Quoth Pete Kruckenberg on Sat, Jan 02, 1999:
> RedHat is a little bit different with their group management. Every user
> is in his own group, so 002 and 022 are essentially the same. There isn't
> a "users" group like BSDI has (well, not by default).
Yes, I know that. I just don't understand the reason why the
hell they did it this way. And even if 002 and 022 are
practically the same, setting umask to 022 is still a better
idea, just in case. Call me paranoid if you want. But many
people change the configuration of adduser to _not_ create
personal group for each user, and that's just one reason. There
may be others, but I don't want to know. And, of course, as Jim
Knoble said, it's not exactly the umask value root wants to have.
Groups in UNIX exist to make user management easier for the
admins. Different primary groups may have different home
directories, disk quotas, and other privileges, and secondary
groups usually give users additional privileges (for example, I'm
a member of 4 groups at work and of 7 groups at my home UNIX
box). Therefore, making groups personal does not make sence. At
least, my poor imagination can't make up any reason for that.
And it makes /etc/group grow for no apparent reason.
But exim-users is a wrong mailing list for that. RedHat-devel,
maybe?
Quoth Jim Knoble on Sat, Jan 02, 1999:
> That depends on what group ought to be able to write to /etc/aliases.

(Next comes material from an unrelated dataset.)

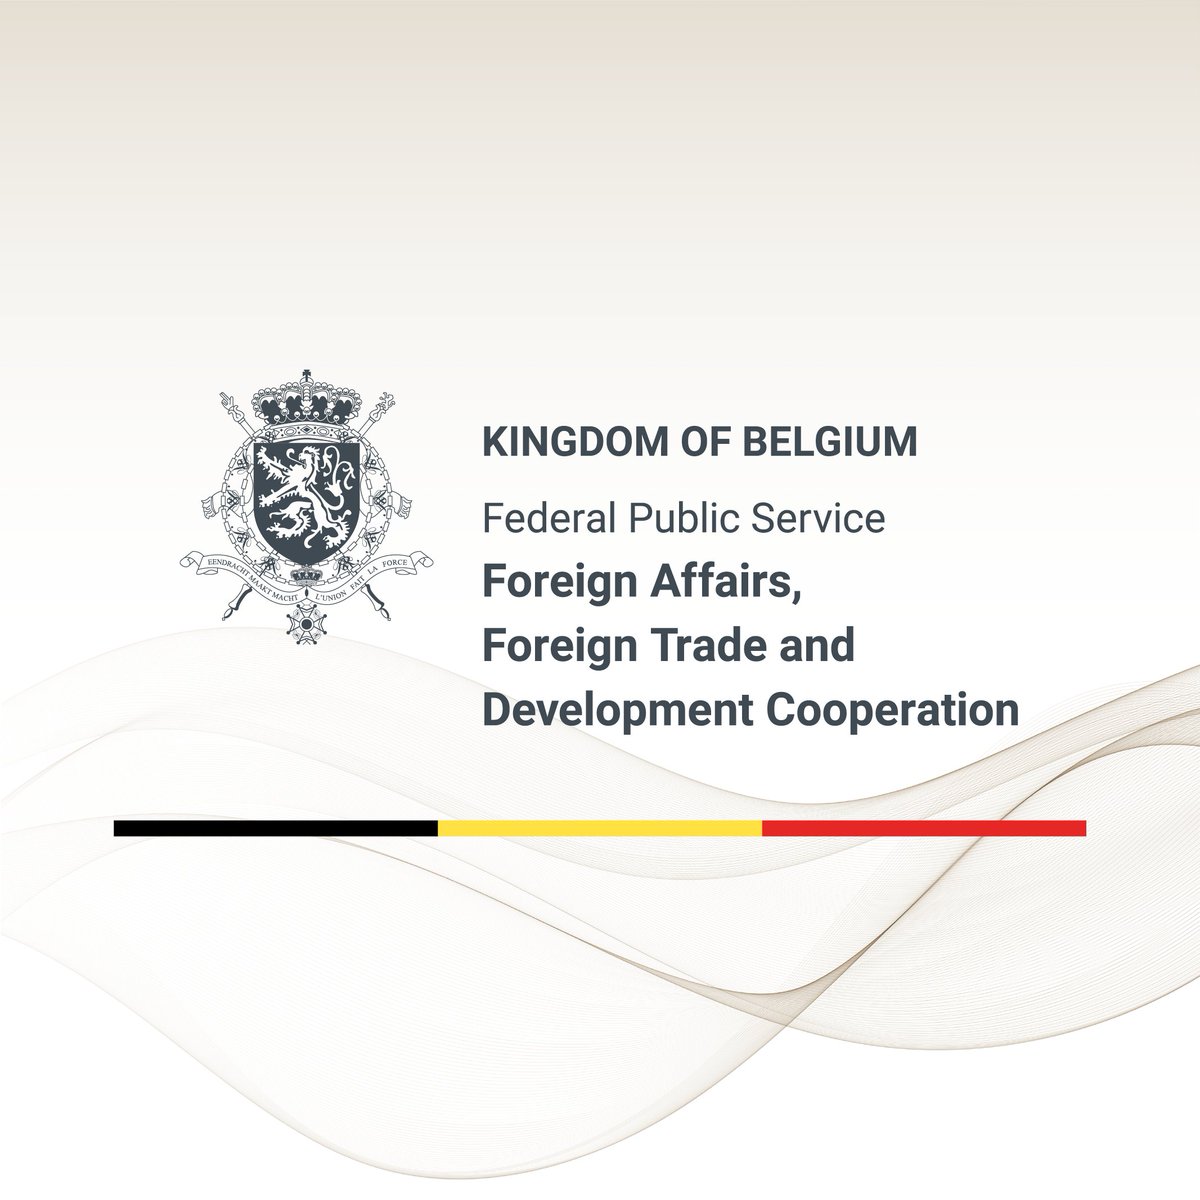 🇧🇪 Belgium welcomes the new round of negotiations between Armenia & Azerbaijan on 10 & 11 May, the recent agreement on the use of the 1991 Alma Ata Declaration as the basis for border delimitation, as well as their efforts to continue discussions with a view to a peace agreement.

> If some group `mailadm' ought to be able to update /etc/aliases, then
> 0664 is the proper mode.
Well, that's right in this case. I just was under impression
that anyone who edits /etc/aliases must have root permissions,
because it's a very big security issue. On the other hand, there
may be people who must edit /etc/aliases, but you will not ever
thing about giving them root password.
Happy New Year,
Vadik the BSD maniac.
--
Time is an illusion. Lunchtime doubly so.